*** Provided data

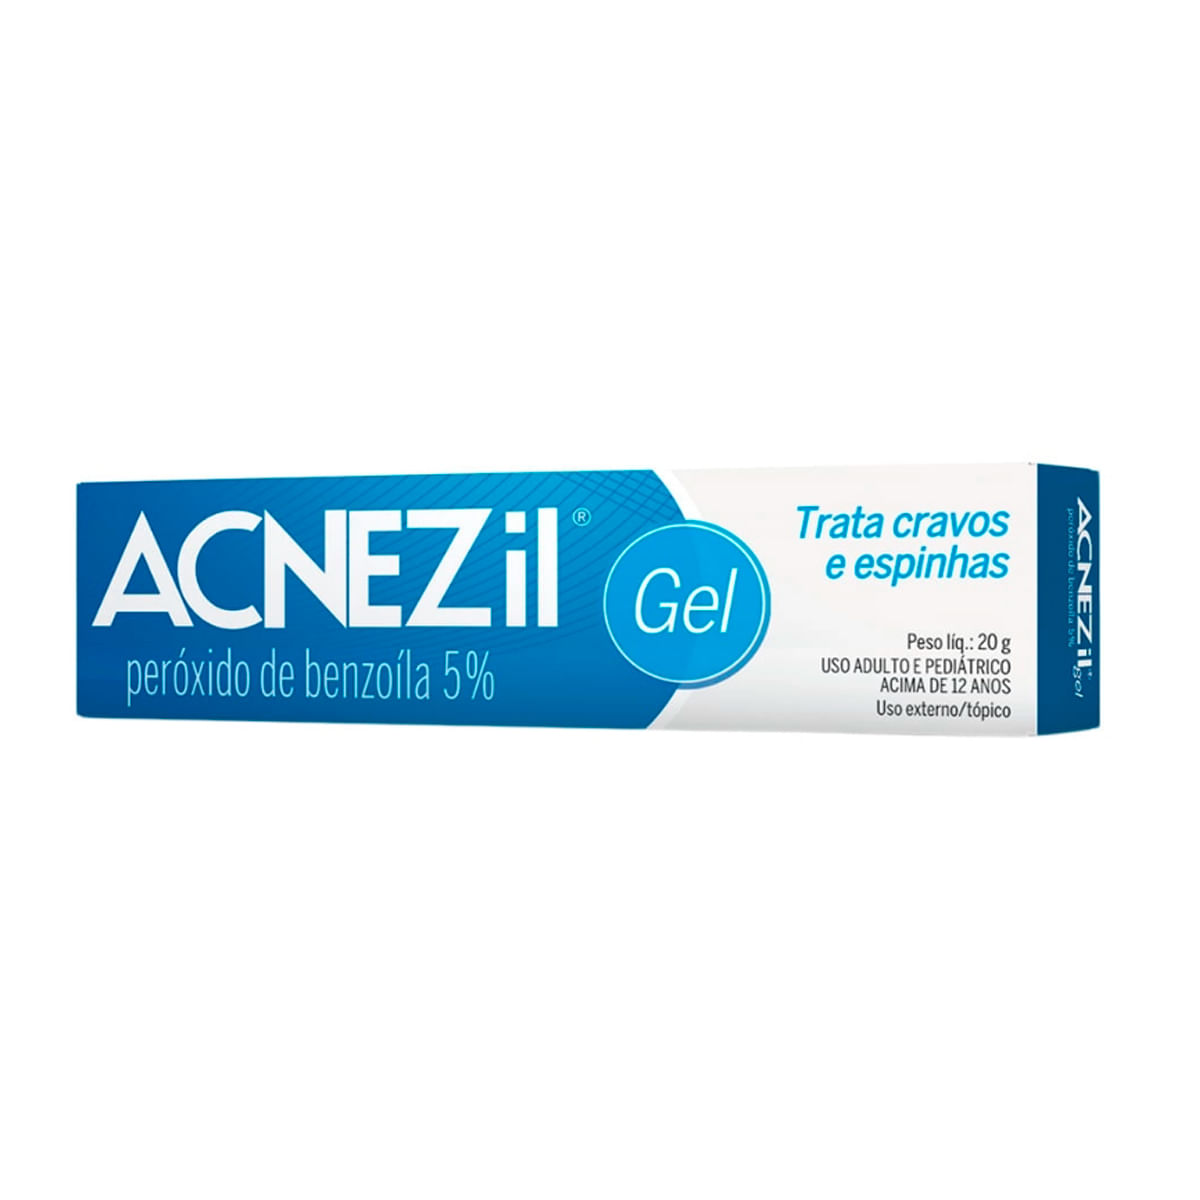 Acnezil Gel Peróxido de Benzoíla 5% Tratamento de Cravos e Espinhas CIMED
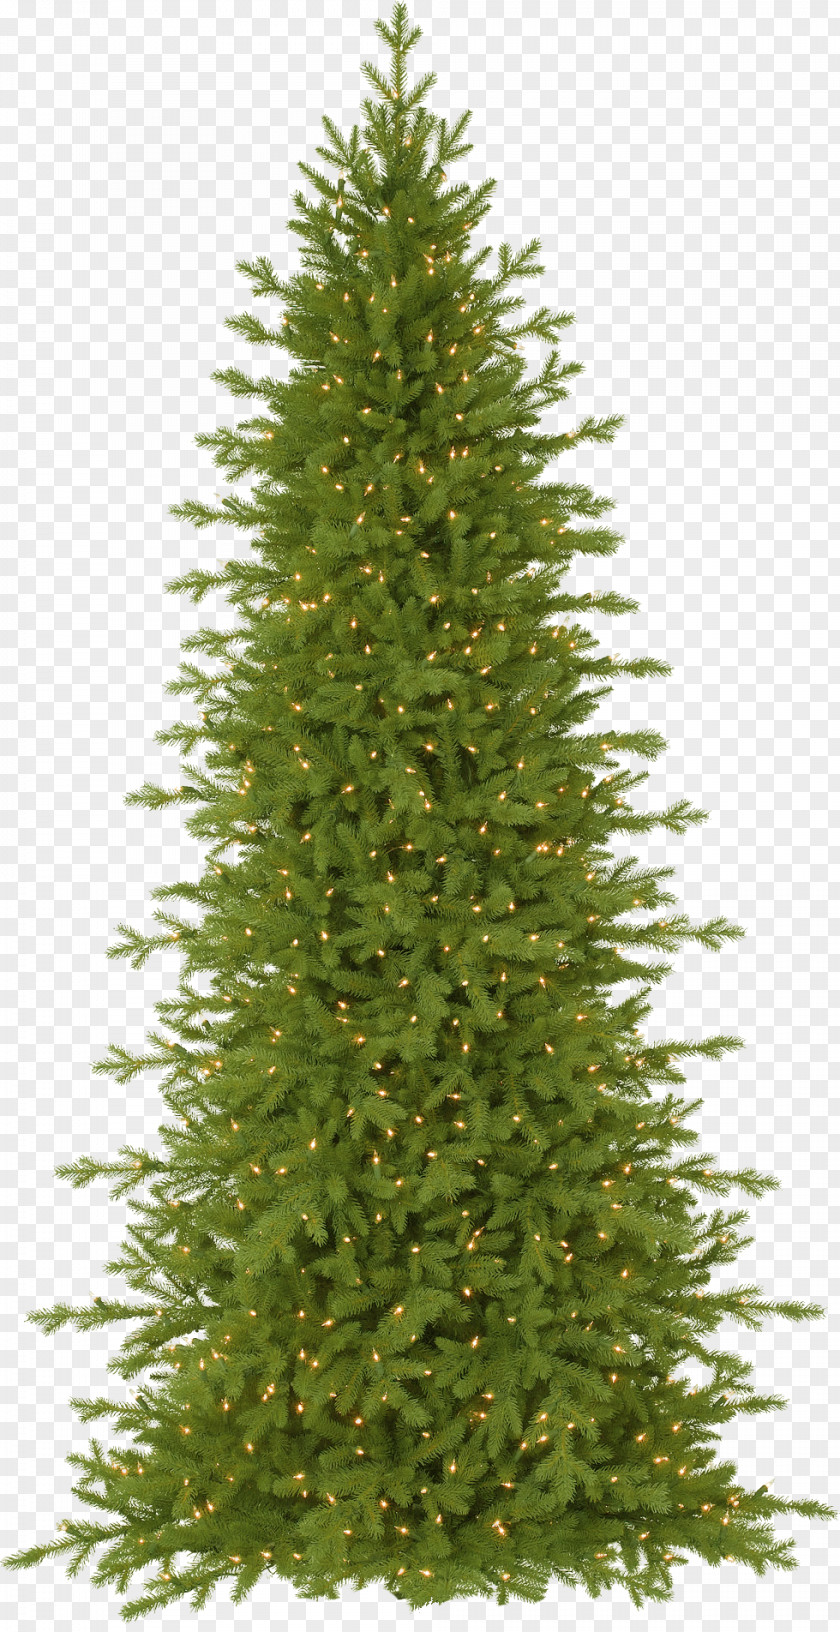 Golden Neon Christmas Tree Picea Rubens Balsam Hill Artificial Fir PNG
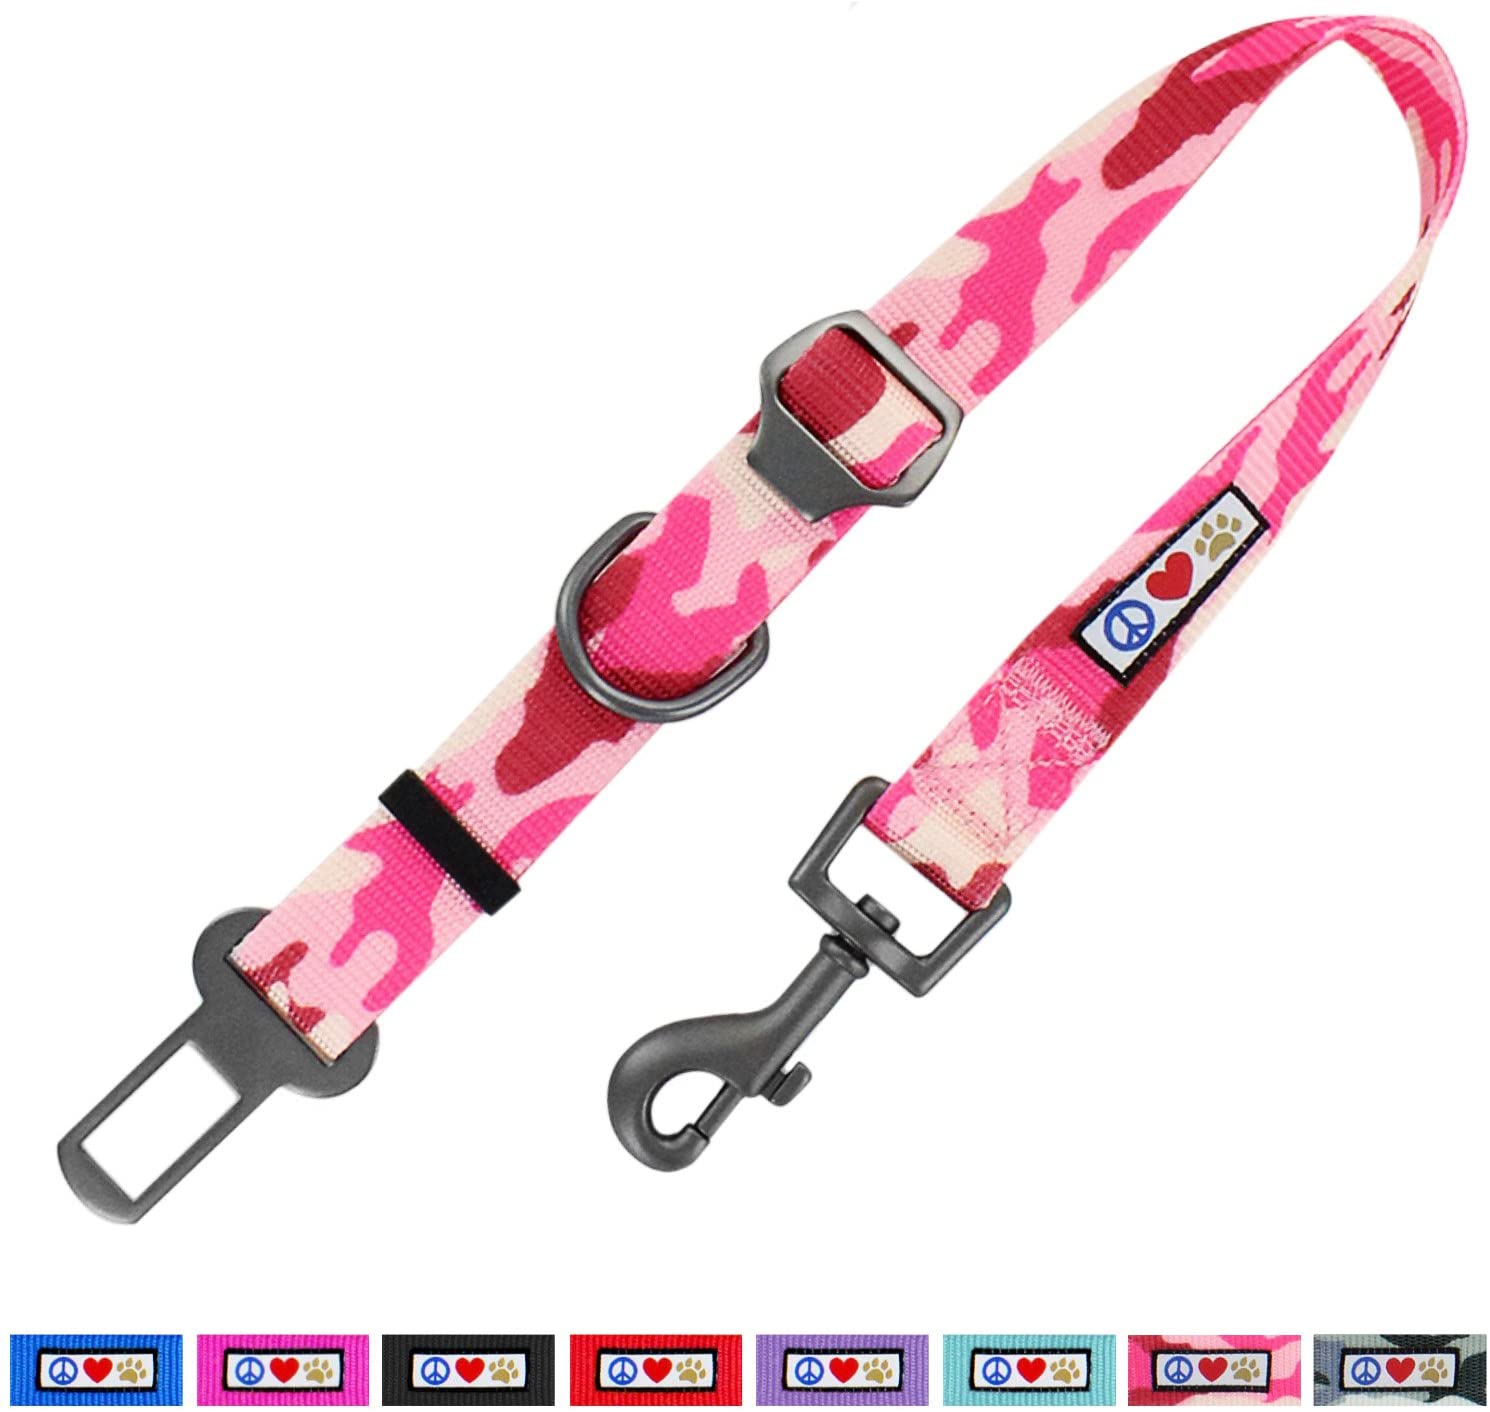  Pawtitas Cinturón de Seguridad de Coche para Perros con Correa de sujeción para Mascotas Color Camuflaje Rosa

******

■ Your task
Except for the pictures, copy the material above exactly.

■ Response to the task
 Acnezil Gel Peróxido de Benzoíla 5% Tratamento de Cravos e Espinhas CIMED
 Golden Neon Christmas Tree Picea Rubens Balsam Hill Artificial Fir PNG
  Pawtitas Cinturón de Seguridad de Coche para Perros con Correa de sujeción para Mascotas Color Camuflaje Rosa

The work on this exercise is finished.